Não seria imprudente desde já afirmar que a estrutura das convicções de cada sujeito – na valência hermenêutica que tem – se determina, em seu jogo multívoco porque não solipsista, como o âmbito central do processo de justificação da positividade através do vivenciamento hermenêutico dos intérpretes. Isto porque negar a transcendentalidade e os elementos metafísicos do conhecimento jurídico significa ir além da busca por definir a melhor ontologia do direito não no modo das velhas disputas de jusnaturalistas e positivistas, mas sim no sentido da aceitação pelo intérprete daquilo mesmo que o direito é enquanto prática social.
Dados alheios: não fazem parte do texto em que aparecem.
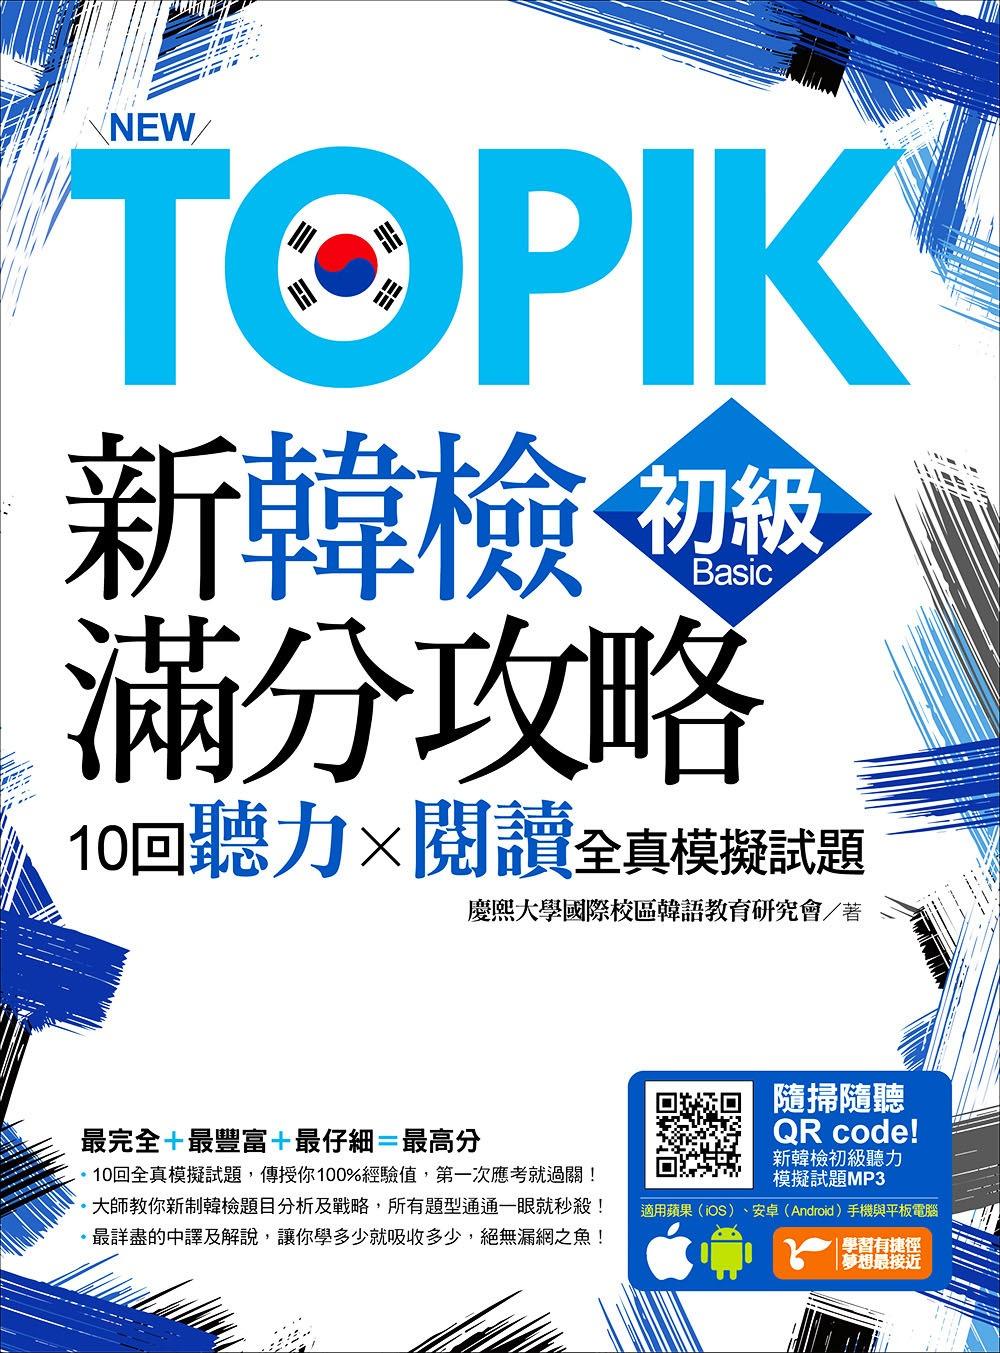 New TOPIK新韓檢初級滿分攻略:10回聽力╳閱讀全真模擬試題(附隨掃隨聽QR code MP3)

Trata-se não de refutar um modelo de direito e reencontrar outro das profundezas da elucubração teórica individual de gênios da teoria, mas de, em se fazendo a própria prática pela positividade legitimada, encontrar o melhor nicho de aplicabilidade; do contrário, é muito provável que juízes passem a incorporar disposições próprias de congressistas eleitos pelo povo. Nisto se justifica a tarefa necessária da melhor justificação do direito positivo, legitimando-o mesmo que numa simples fundamentação decisória ou em discursos doutrinários mais imaginativos e criativos porque situados na vivência coletiva de seus leitores. Legitimar a positividade, neste esteio, implica necessariamente entrever o texto legal por sua matéria de princípio; por aquilo que corresponde enquanto direitos comunalmente concebidos como existentes per si.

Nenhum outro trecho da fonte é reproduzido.